■ **TO DO**: An exact reproduction of the listing is wanted, with the pictures dropped.

■ **STORED DATA**:
>>

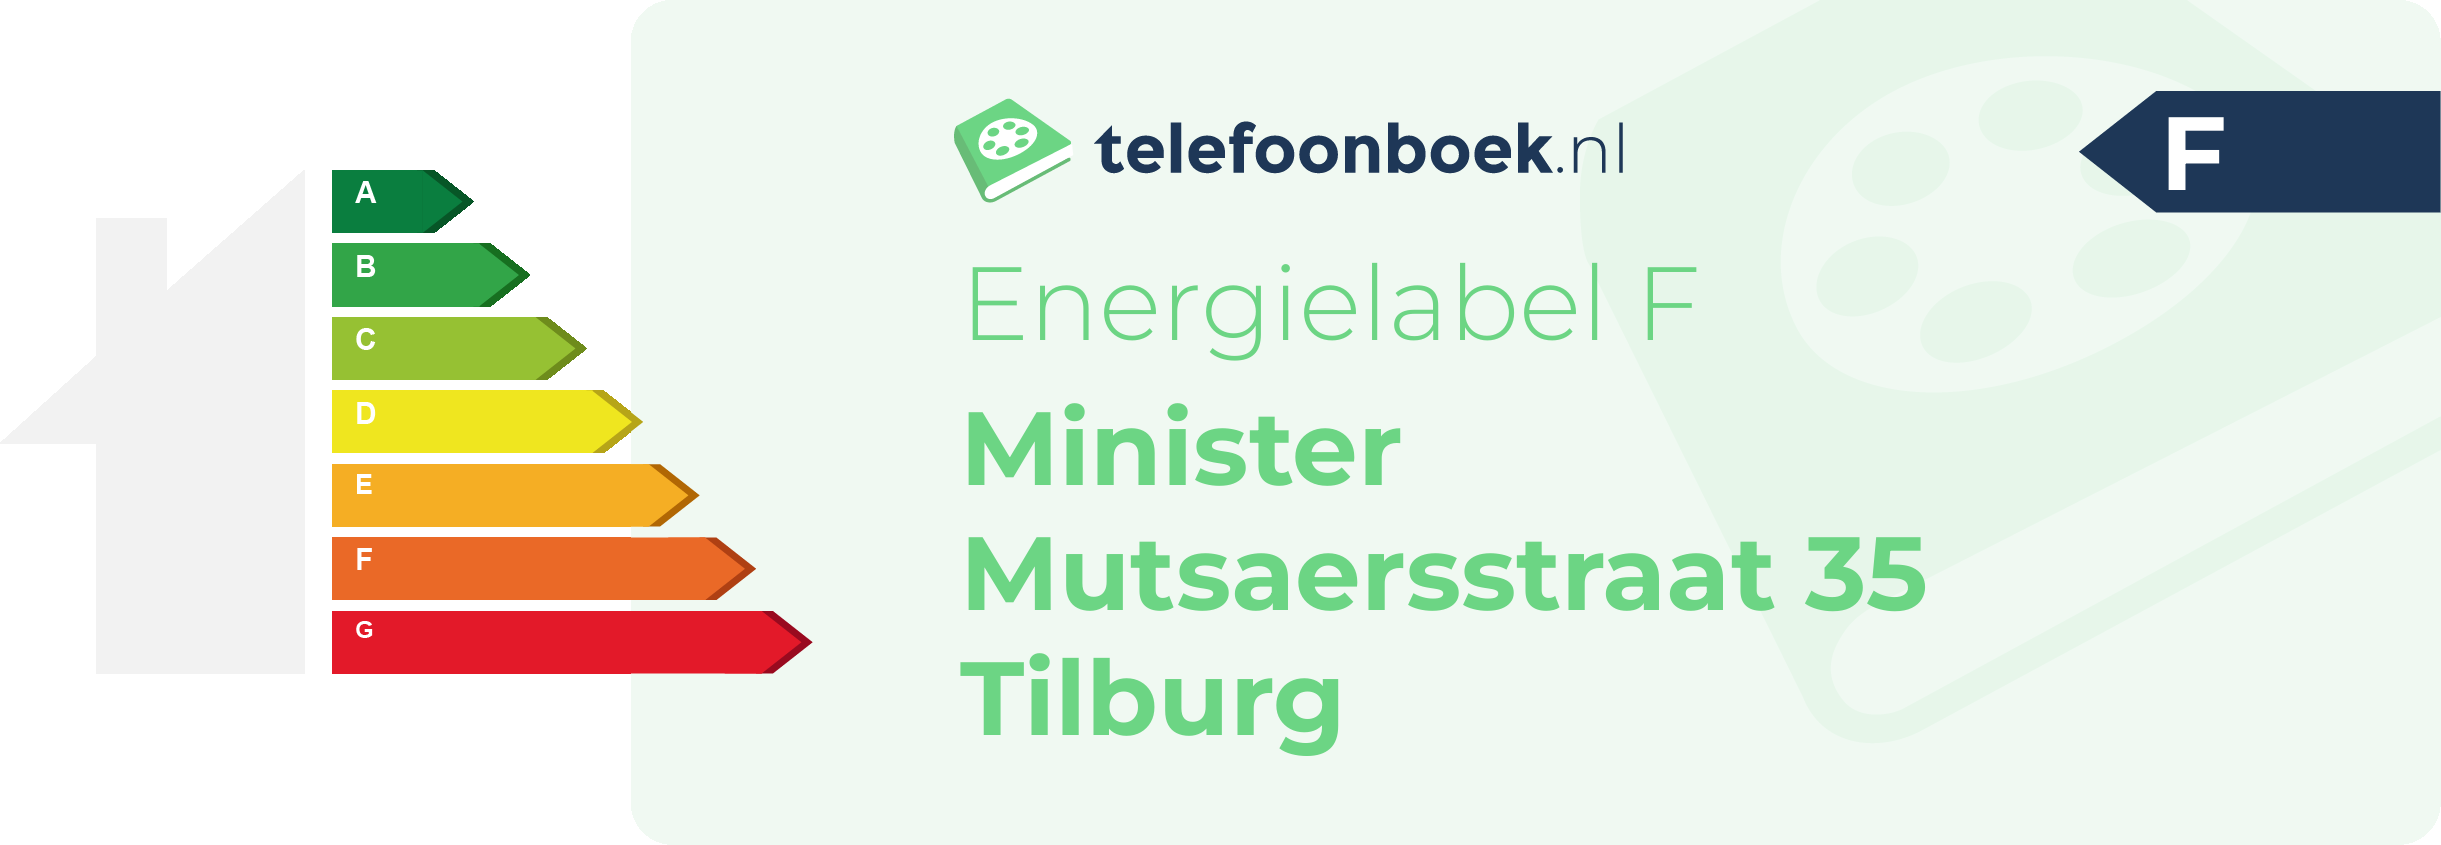 Energielabel Minister Mutsaersstraat 35 Tilburg
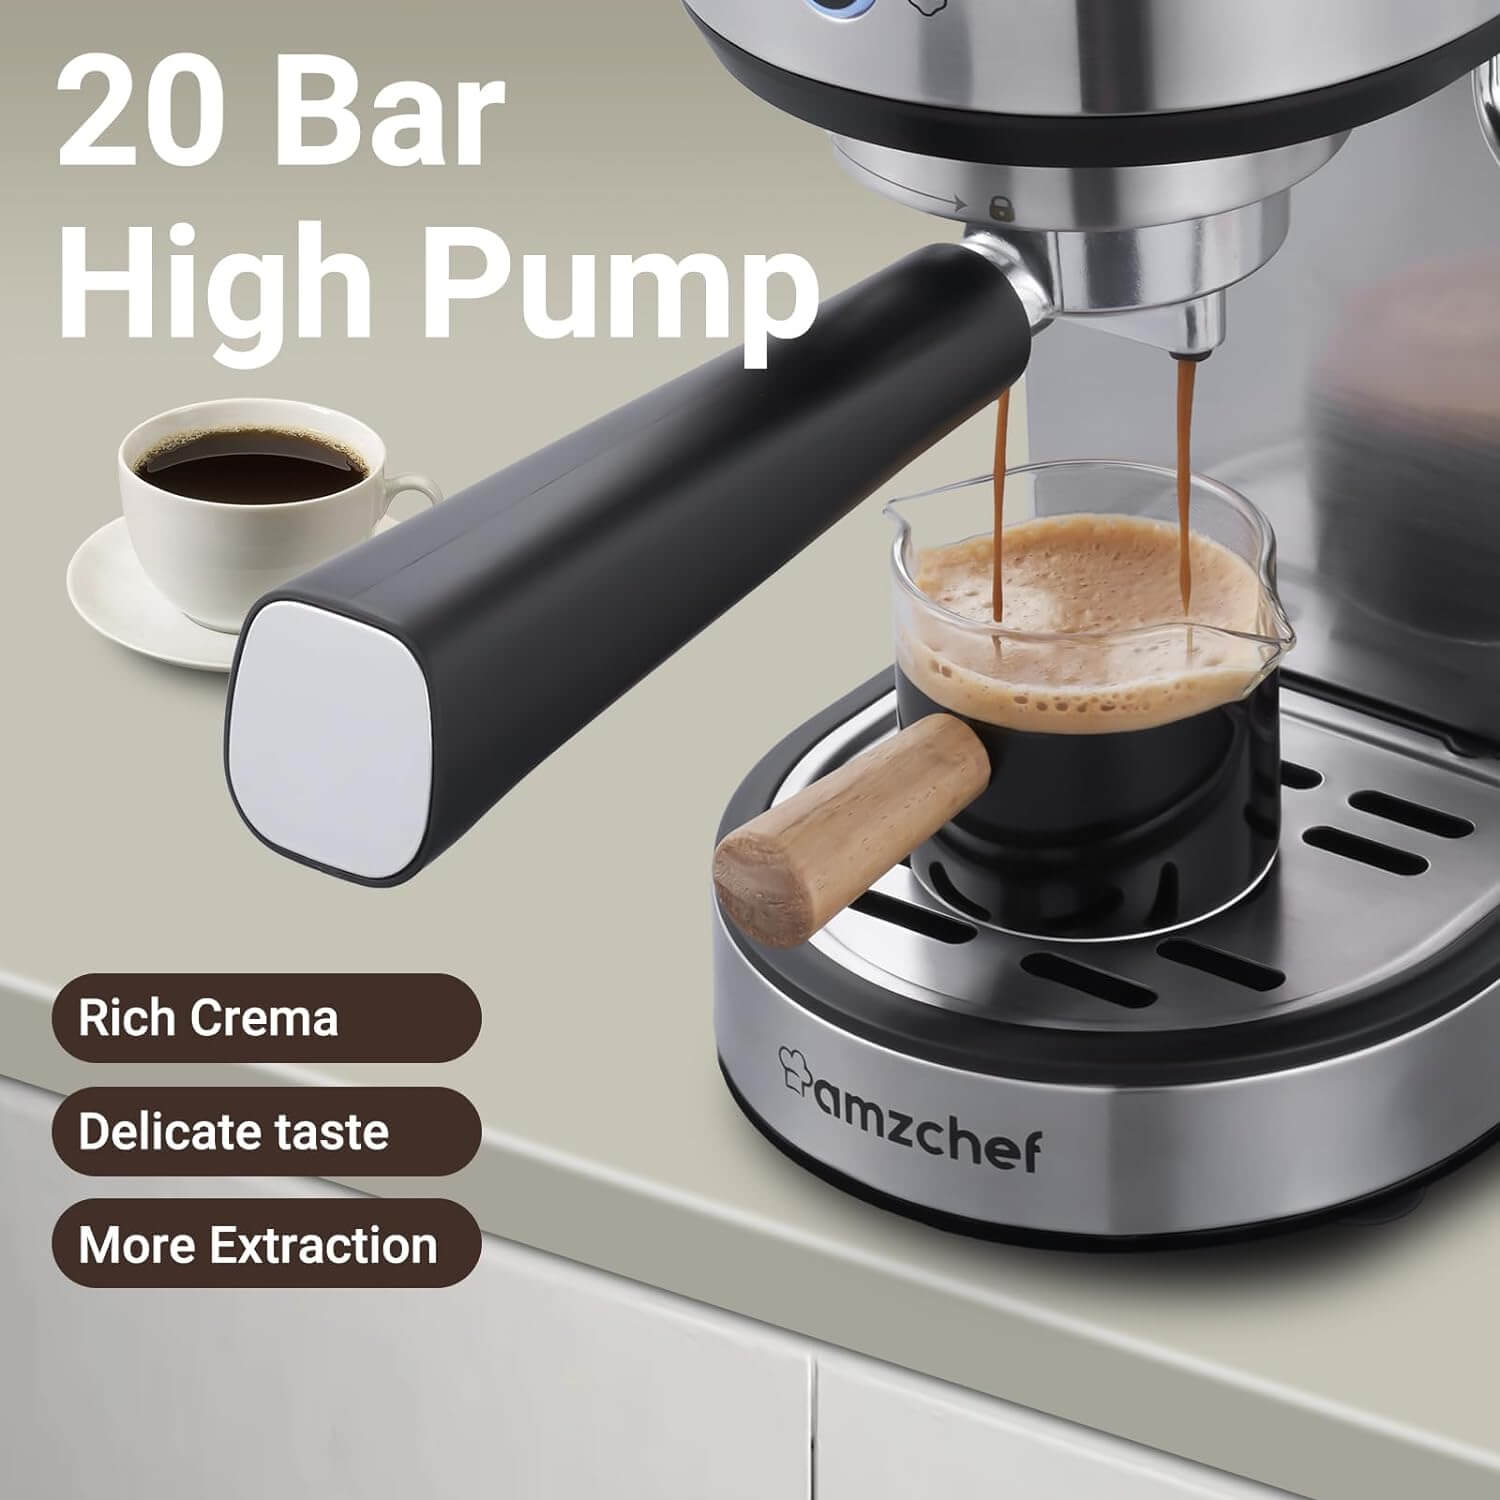 https://iamzchef.com/cdn/shop/files/amzchef-Espresso-Machine-20-Bar-high-pump_d0920321-c70e-444e-80c6-0897fccbda18.jpg?v=1701763023&width=1500
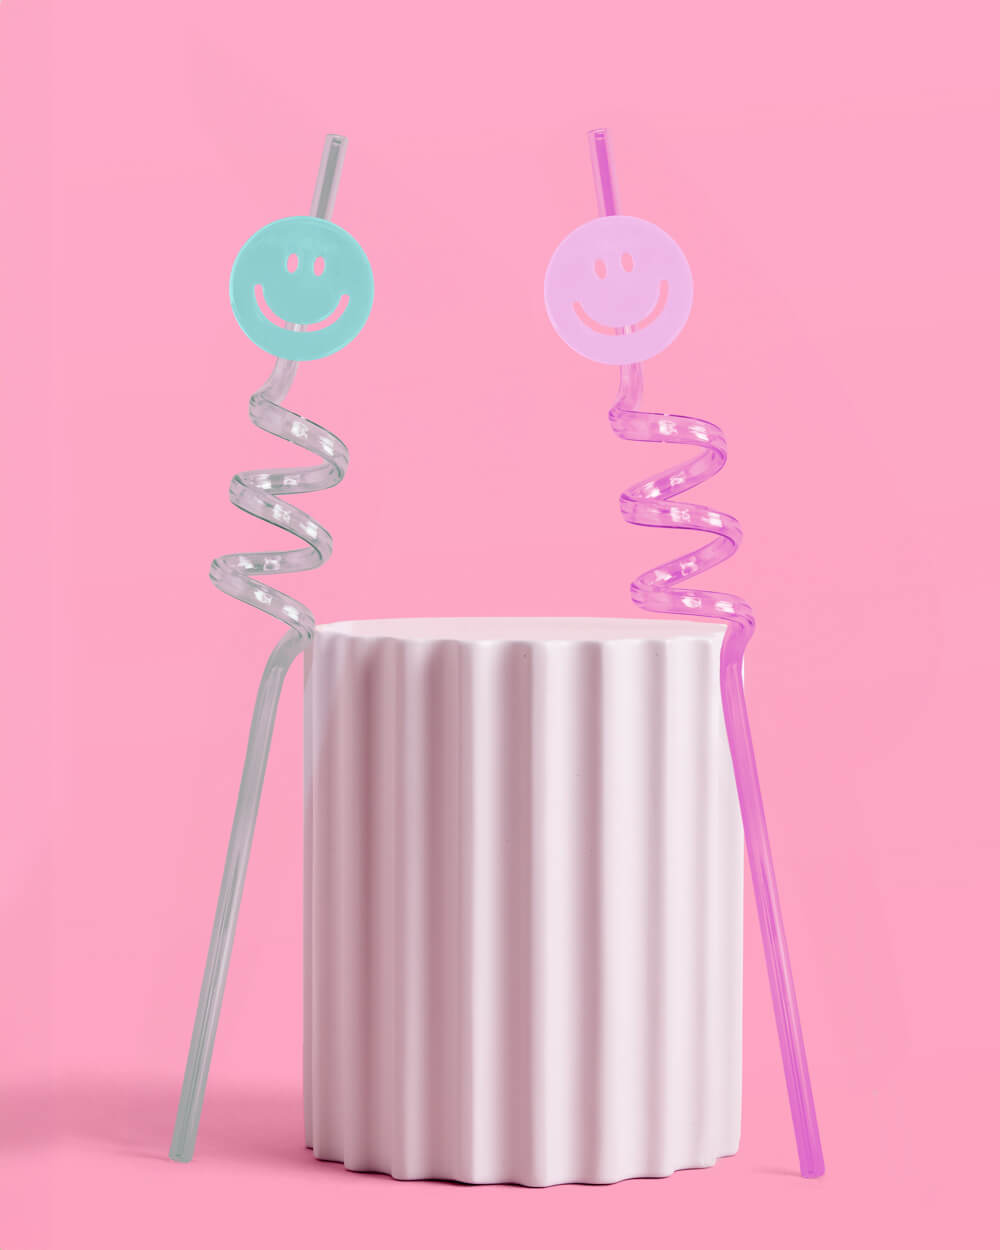 Smiley Straws - 16 reusable straws

<<

■ **SOLUTION BELOW**:
 Energielabel Minister Mutsaersstraat 35 Tilburg
 https://iamzchef.com/cdn/shop/files/amzchef-Espresso-Machine-20-Bar-high-pump_d0920321-c70e-444e-80c6-0897fccbda18.jpg?v=1701763023&width=1500
 Smiley Straws - 16 reusable straws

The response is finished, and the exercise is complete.